Columbus Discovers America
And it was just the first of four voyages he would take, discovering not just the Bahamas, Cuba, and Hispaniola (today’s Dominican Republic and Haiti), but the Gulf of Mexico, and South and Central America too.
He was a busy guy, when he wasn’t subjugating entire races of people I guess.
On August 3, 1492, Columbus set sail from Palos, Spain, with three small ships, the Santa Maria, the Pinta and the Nina. On October 12, the expedition reached land, probably Watling Island in the Bahamas. Later that month, Columbus sighted Cuba, which he thought was mainland China, and in December the expedition landed on Hispaniola, which Columbus thought might be Japan. He established a small colony there with 39 of his men. The explorer returned to Spain with gold, spices, and “Indian” captives in March 1493 and was received with the highest honors by the Spanish court. He was the first European to explore the Americas since the Vikings set up colonies in Greenland and Newfoundland in the 10th century.
He had a bit of trouble getting the first voyage financed, rejected by King John II of Portugal and then King Ferdinand and Queen Isabella of Spain (twice) before they finally agreed after Spain defeated the Moors (or “Moops”) in January 1492 at Granada.
Just 14 years later in 1506 he passed away, and Spain — which had hoped to find a route to the “Far East” — instead discovered the New World and all the riches and peoples they could plunder.
Columbus died in Spain in 1506 without realizing the scope of what he did achieve: He had discovered for Europe the New World, whose riches over the next century would help make Spain the wealthiest and most powerful nation on earth. He also unleashed centuries of brutal colonization, the transatlantic slave trade and the deaths of millions of Native Americans from murder and disease.
Well, let’s be honest here, it wasn’t really Columbus who “unleashed” all that, it was Spain, followed by the British, French, and Dutch.
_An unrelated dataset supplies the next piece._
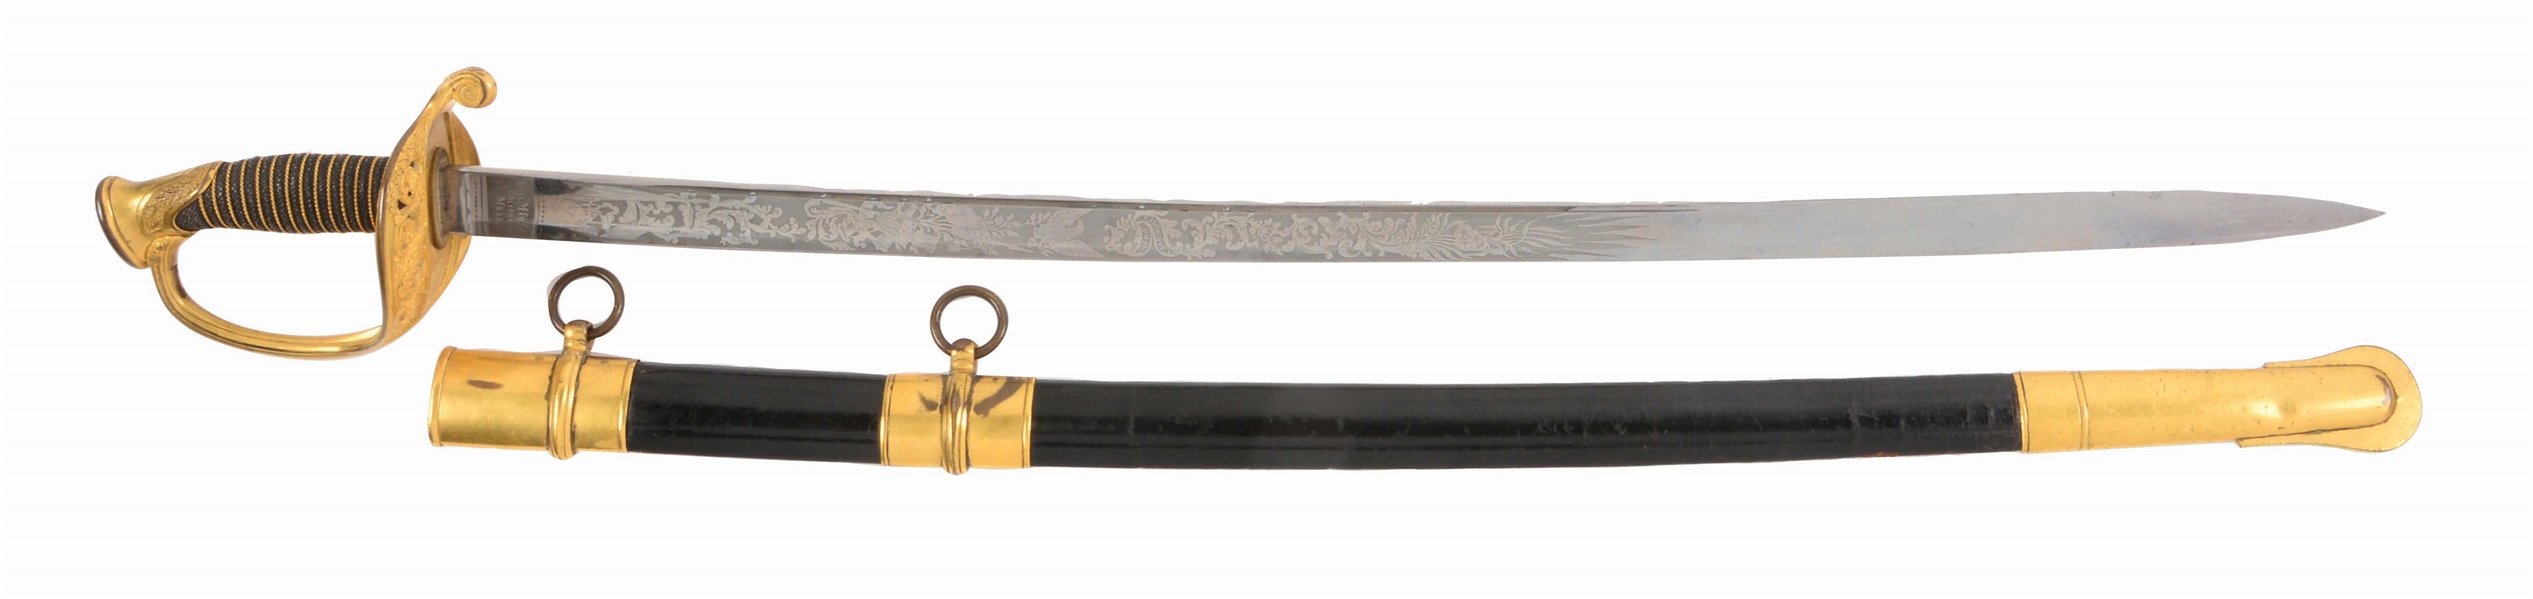 HIGH CONDITION U.S. MODEL 1850 FOOT OFFICERS SWORD BY AMES.

Colonization, slavery, murder and disease was just how the whole world worked. For thousands of years. This was nothing new.
Slavery and the slave trade was practiced by every nation with the power to do so, since the beginning of time. Until the British outlawed slavery in 1807 (and the slave trade in 1833) it was the worldwide historical norm. All of history has been thus, for everyone everywhere — except for the rich and powerful of course, and they got rich and powerful by subjugating and enslaving and murdering people, and taking land and property, and every other form of unpleasantness one can imagine.What exactly are we supposed to do about it? Impose modern expectations of civilization, of human rights that didn’t exist yet, upon it? It was what it was, and it’s best to view it by the norms of the time. Life for everyone everywhere was nasty, brutish, and short.
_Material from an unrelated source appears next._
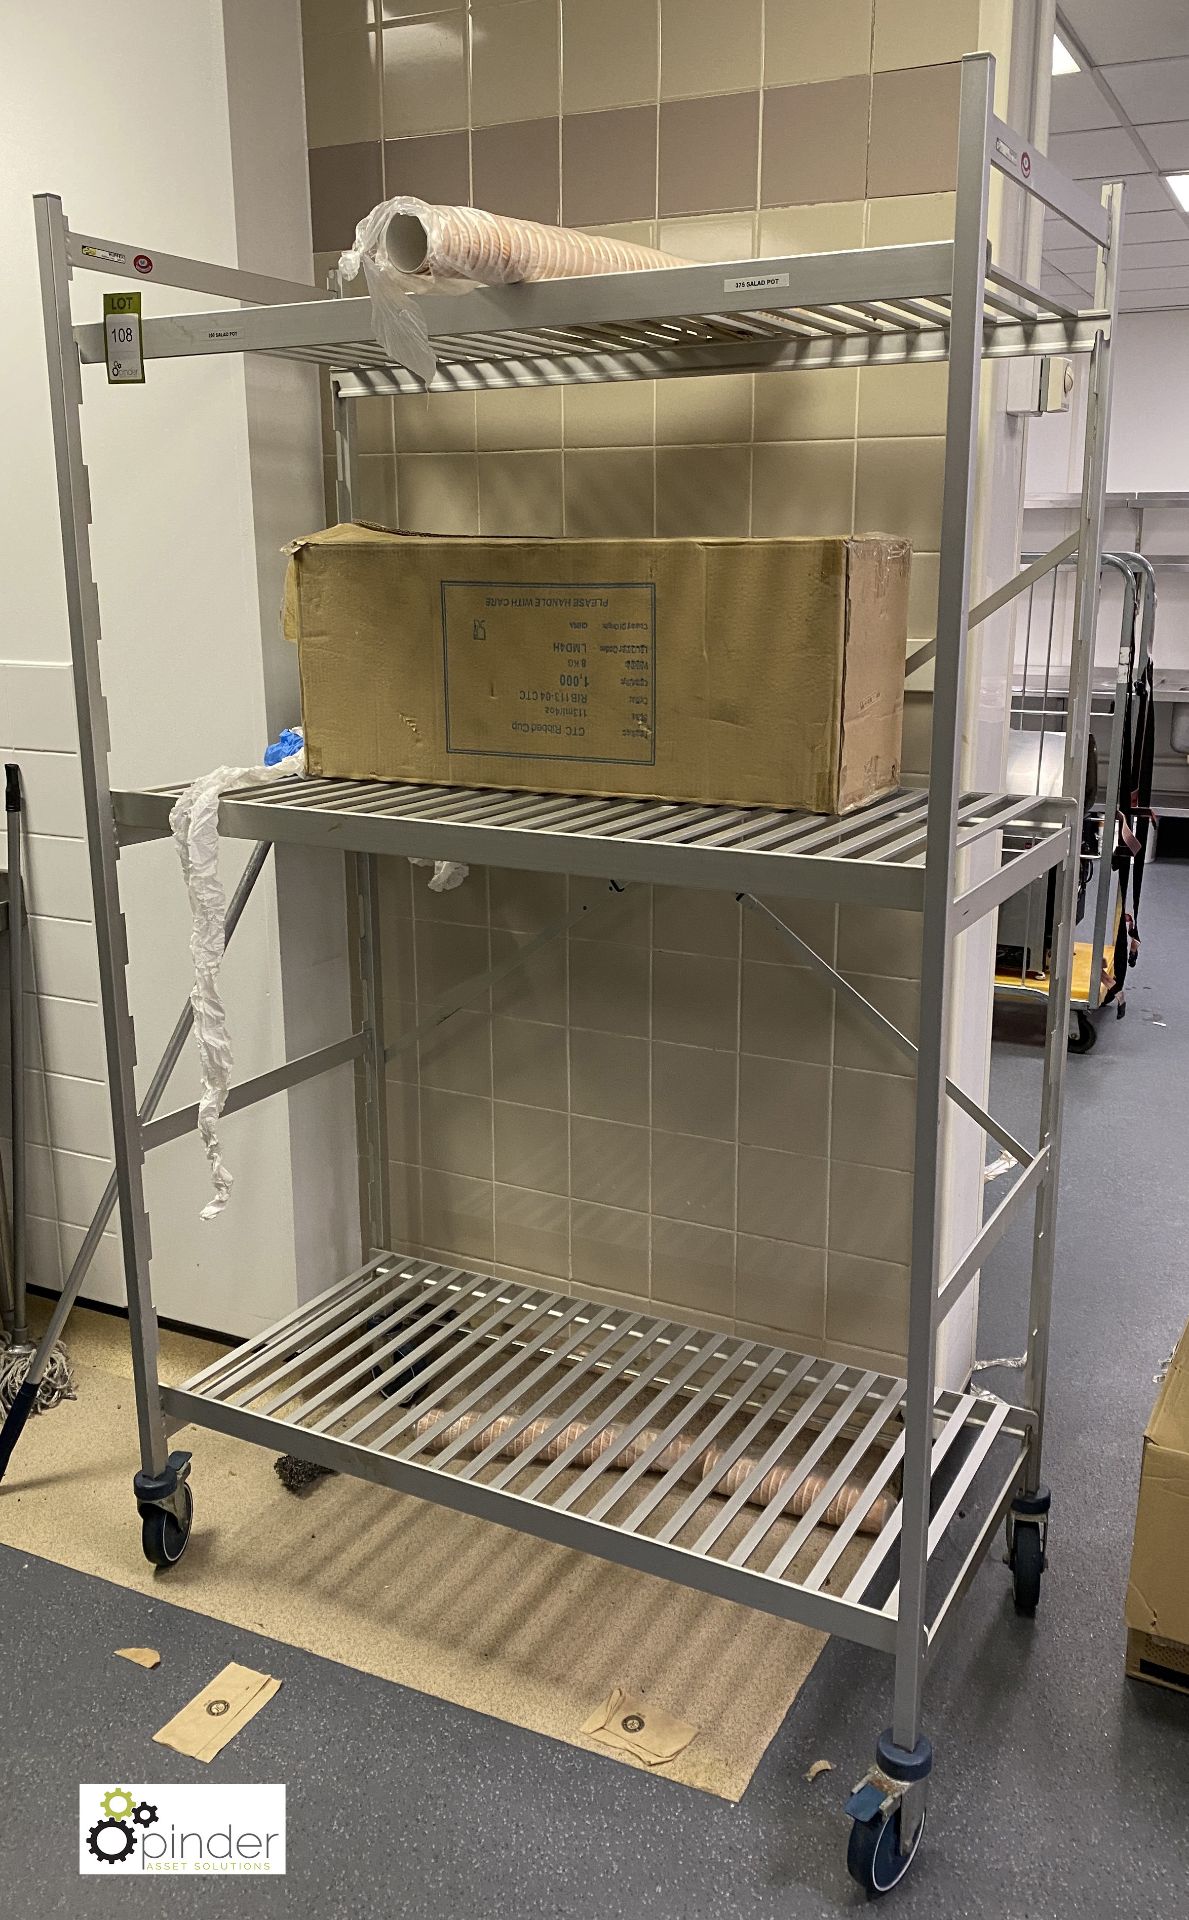 Hupfer mobile adjustable 3-shelf Rack, 1200mm x 610mm x 1950mm (contents not included) (lot location

If it wasn’t Columbus who discovered America, somebody else would have, and that man would get blamed as Columbus is now, and either way the exact same colonization and enslavement and murder would have followed just as night follows day, for the reasons given above.
The revisionist tries to willfully misrepresent history and demonize everyone who ever did great things for daring to live in their own times according to their own norms, instead of in today’s times according to today’s norms. It’s tiresome, ahistorical, and tremendously disrespectful towards leaders of the past, and makes us all dumber and myopic.